# Russia oil rig capsizes off Sakhalin, dozens missing



## GAP (18 Dec 2011)

Russia oil rig capsizes off Sakhalin, dozens missing
Article Link
 18 December 2011 Last updated at 03:53 ET

At least two people have died and more than 50 are missing after an oil drilling rig sank in freezing seas in the Russian far east.

The Kolskaya rig was being towed some 200km (125 miles) off Sakhalin island when it capsized in a fierce storm.

Fourteen people have been rescued but it is feared the rig overturned before the rest of the 67 people on board could escape on to life rafts.

Rescue efforts have been hampered by poor weather conditions.

Helicopters and a plane helped scour the area amid high winds and waves of up to 12ft (4m) but the search was halted as night fell.

Empty life rafts

"According to reports from the scene of the rescue operation, the Kolskaya platform has sunk completely," the regional head of the emergencies ministry, Taimuraz Kasayev, told a news briefing.

The accident in temperatures of -17C at around 14:00 local time (0200 GMT) in the Sea of Okhotsk happened as the rig was being towed from the eastern peninsula of Kamchatka to Sakhalin.
More on link


----------



## Scott (18 Dec 2011)

I know and have worked with some of the guys who were on the Rowan Gorilla I when she went down under tow, it's lucky that any of them made it but they made a decision to abandon pretty quick and their drills were solid. 

I saw one report talking about the safety gear being "warm water suits"...Nothing more than a fully encapsulated fruit suit is going to hold you for long in those waters, IMO.

4m seas? I've been aboard for a few tows and we would have never gone anywhere in 4 m seas...even on a so-called "harsh environment" jackup. But my experience is limited.

I hope they can find more survivors, I've heard 12 found 4 confirmed dead...


----------



## GAP (18 Dec 2011)

I'm glad you commented.....I have no experience in regards to these things, as do most. Just reading the basic article shouts "dumbass!!"


----------



## Scott (18 Dec 2011)

I wouldn't go so far as "dumbass" quite yet...Different rigs have different parameters. If I understand correctly, the photo on the linked article is a little misleading as it shows the rig on a semi submersible transport vessel - when this rig was simply moving locations in field or to a close by field. These rigs are often put on to another vessel for longer trips but due to them being so monstrously top heavy when in transport mode you still need good weather to sail.

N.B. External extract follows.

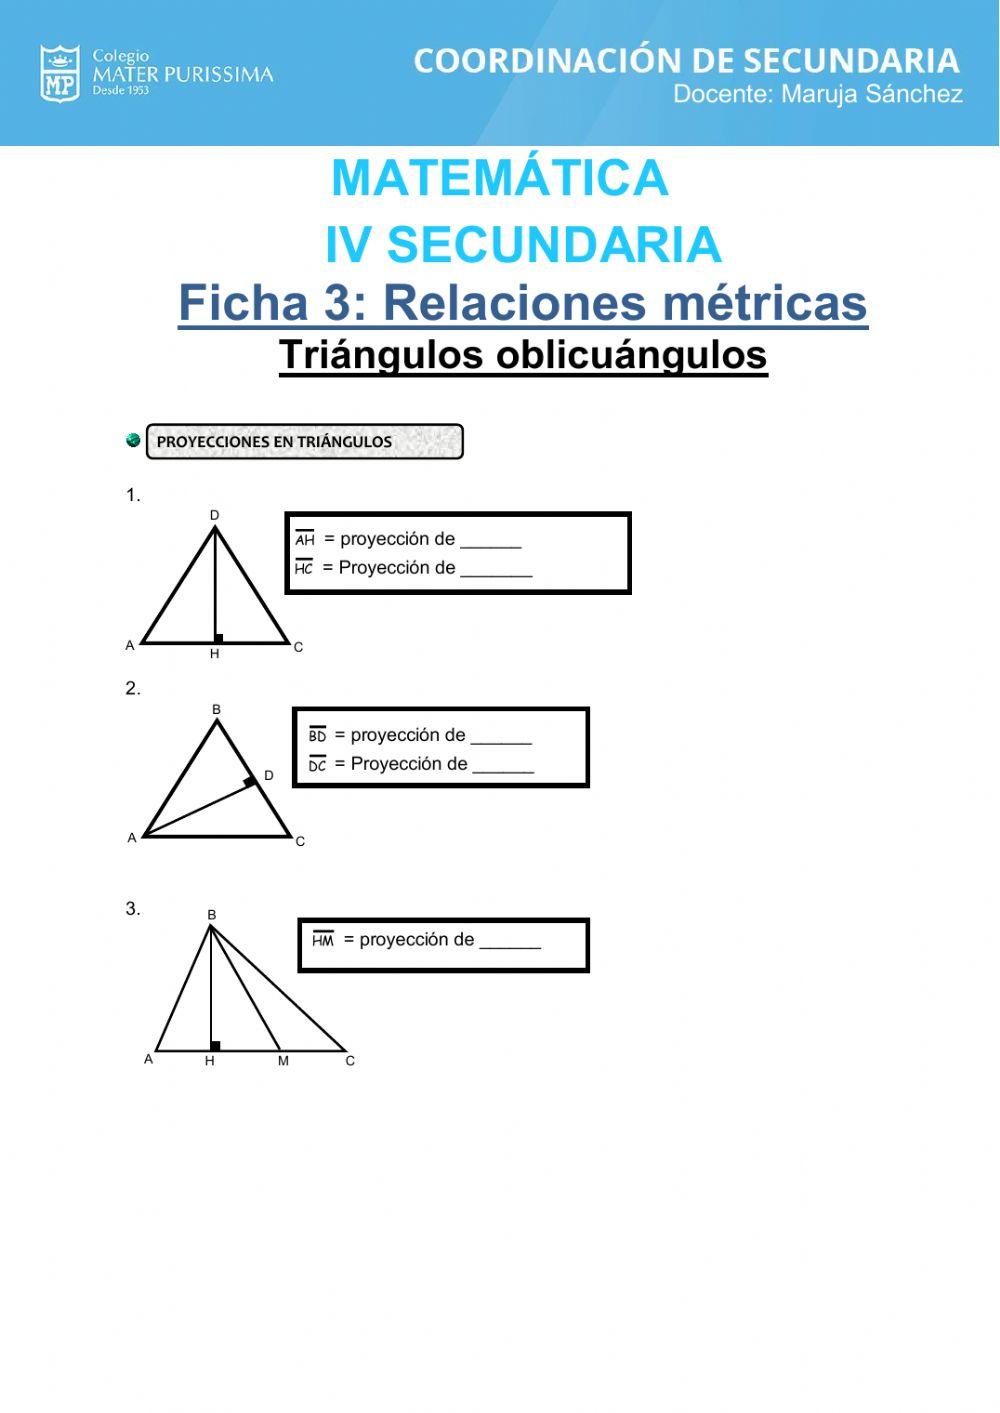 Relaciones metricas en el triangulo oblicuangulo

I saw a Reuters report that already has Russian safety agencies claiming it was the rig's fault...they must be good over there.

I like jackups much better than semi submersibles and I am not sold on drillships yet save for the luxury accommodations. This won't change that.


----------



## Scott (18 Dec 2011)

I'll add that tho was brought up in our safety meeting today. Rumour here has it that they were mustered on or near the helideck. It's complete and utter fucking lunacy for me to even consider that, but I don't work over there and they are renowned for doing things "different" - we've heard the stories.

I can't wait to see what spin the greenies put on this incident even though it has SFA to do with drilling or production.


----------



## Scott (20 Dec 2011)

Latest has 16 dead and 37 still missing. I just hit dry land last night and knocked back a Guinness to celebrate such.

Russian safety agencies still saying it's rig management's fault...they must have had clear forecasts of the storm in order to be saying this. 

I haven't seen any more about them mustering on the helideck and am curious as hell about it as it would be suicide, IMO. Anyway.


----------



## a_majoor (20 Dec 2011)

Since I don't know the layout of these rigs; are the lifeboats accessable from the helideck? If they were mounted around the edge of the deck it would make sense to muster the crew prior to embarking (or even just getting aboard as a precaution).


----------



## Scott (20 Dec 2011)

If you take a look at the photo in the link provided you can make out two orange specks on the port (right) side of her. With the helideck mounted in an offset fashion (I have only ever worked on rigs that had them mounted off the bow, so this is different) it is plausible that the starboard boats were "under" the helideck.

If you take a look at this page you'll see the last rig I was on, the GSF Galaxy II. You can see two orange boats under the helideck, one port, one starboard. Different design and all that. But the boats under the helideck would be last resort type boats, the alternates.

So I do take back what I said earlier and I clarify: if they were waiting on a chopper instead of going to boats then THAT is utter lunacy.

I suspect that things went rotten so fast that they didn't stand a chance. I mean, only two rafts deployed?

Then again, I wasn't there. This is just fodder for coffee room talk among the lads and I am away from the rig now and can't be involved in the deconstruction.


----------



## Scott (20 Dec 2011)

Hmm, I thought rig zone would have pulled this page by now...Anyway, here is the Kolskaya with a view of her helideck and I do not see boats up there.

http://rigzone.com/data/rig_detail.asp?rig_id=521


----------



## dapaterson (20 Dec 2011)

My understanding (can't find a link now, though) is that a significant number of life rafts were torn off in the storm.


----------



## Scott (20 Dec 2011)

I'm trying to recall how many rafts would be on a rig of that size if it were working in the UK or Canada - something makes me think 150% of max head count but I could be wrong.

Google-fu tells me that there were two boats with a capacity of 102 each and 10 rafts, 6 @ 25 pers and 4 @ 12 pers. 

Max POB is listed at 102.


----------